And that very important word "might", right in the headline too.

------
yholio
> What if we could solve this problem through core changes in our society?

Yes, we call the necessary changes 'the state'. It's exactly to solve a
collective action problem that the state first appears: military defense and
preventing actual defection in war. Strong states prevent defection but then
suffer from bad principal-agent problems, since rulers tend to advance their
own goals - like waging war.

------
ratel
I have to agree with some of the commenters that your write-up is pretty bad,
because far too general for such a well studied problem.

Let me try to help you along in your thinking: The tragedy of the commons is
not a generalized version of the prisoner dilemma. I guess you meant to say a
prisoners dilemma is a more generalized version of the tragedy of the commons.
This is however also not true. Logically because there is no sensible pay-off
where everybody defects, but the other player. The commons would be largely
destroyed way before everyone gets their pay-off so all the players would
never collectively decide to do that (and decision is a integral part of the
prisoners dilemma). You could make it into a NxN dimensional prisoners
dilemma, but that is not useful for another reason. The tragedy of the commons
is about future benefit (keeping the commons so everyone can extract more than
they could individually at a single instance) a prisoners dilemma is an
instant game. You could model the tragedy of the commons as a repeated
prisoner dilemma. The problem is that free riding is not a rational option if
you repeat it often enough. In the real world free-riding works, because we
expect to play a limited number of rounds and in the long term we are all
dead. The number of repetitions one expects to play is however not the same
for all players.

Limiting defection is in this case not external to the tragedy of the commons,
as any way to resolve the prisoners dilemma is, because it reduces the pay-
offs the participants get. Preventing defection costs and there is a balance
to be struck to the costs to preventing an additional free-rider and letting
him free-ride. There is also a moral component to this. Limiting defection
means also being able to limit entry. The commons has de-facto become 'our
commons'. There is the description of a 'mutual protective agency and one of
the most common is the state.

------
jabl
Anybody interested in "the commons" should familiarize herself with the work
of Elinor Ostrom.

------
CryptoPunk
Unionization is a bad example. If all union members were unable to defect, the
employer would still reject their demands for above market wages, because he
could replace them wholesale with workers from the larger labor pool, at
market rates.

If all workers in the world were forcibly enrolled in a global union and
prevented from defecting, and this union demanded a doubling of wages, this
would just lead to 1. some companies shutting down, and 2. other companies
seeing profit margins decline to below the rate that the supply of labor
versus the supply of capital determines as optimal for economic development,
resulting in more unemployed workers, and a one time boost in wages for
employed workers, as labor's share of income increases, at the expense of
lower recurring increases in wages, as the rate of economic growth declines.

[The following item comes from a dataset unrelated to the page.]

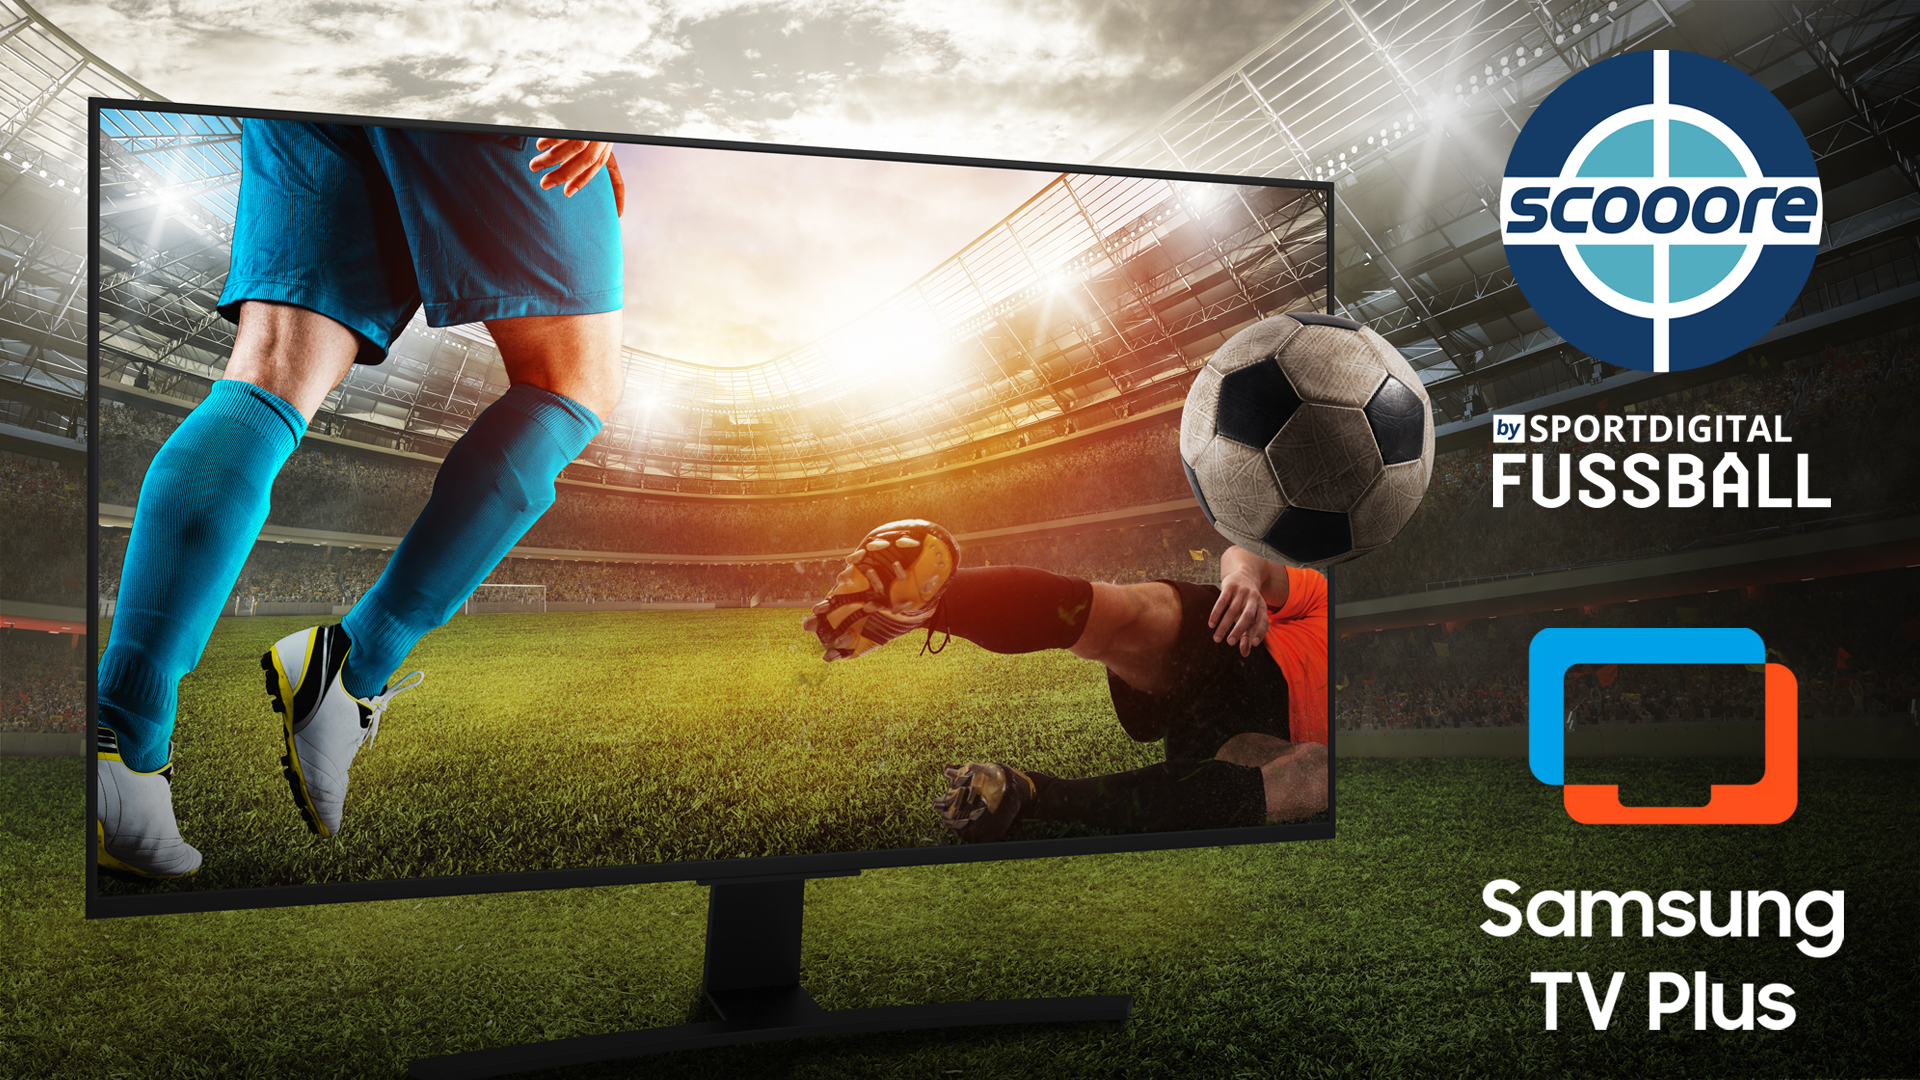 Sportdigital FUSSBALL launcht FAST Channel “Scooore” auf Samsung TV Plus

Anyway, smart contracts could indeed be a solution to defection. They are a
potentially massively scalable coordination tool, allowing huge numbers of
people to enter any given agreement at minimal cost.

------
coldtea
> _Interestingly enough, the optimum solution is always present when N=1. If
> there’s just one actor (you) then you’re not likely to destroy your own
> property._

Two objections:

1) Who said one person would necessarily understand it as "[his] own
property"? Unless it is truly their property (e.g. their own house), it's
conceivable that a single person could still consider the place they are in
expendable (because e.g. they could move elsewhere, or they care more for
short term profit for it and don't consider long term issues from their
behavior).

2) Even worse, who said people respect their own property that much? People
can't respect their own bodies (sedentary lifestyles, obesity, junk food,
etc), their own families (domestic abuse, cheating, etc.), their own houses
(tons of neglected, broken down houses), or even their personal lives (from
alcoholism and drugs, to all kinds of subtler self-sabotage)...

------
richk449
Solving the tragedy of the commons. I wish you luck.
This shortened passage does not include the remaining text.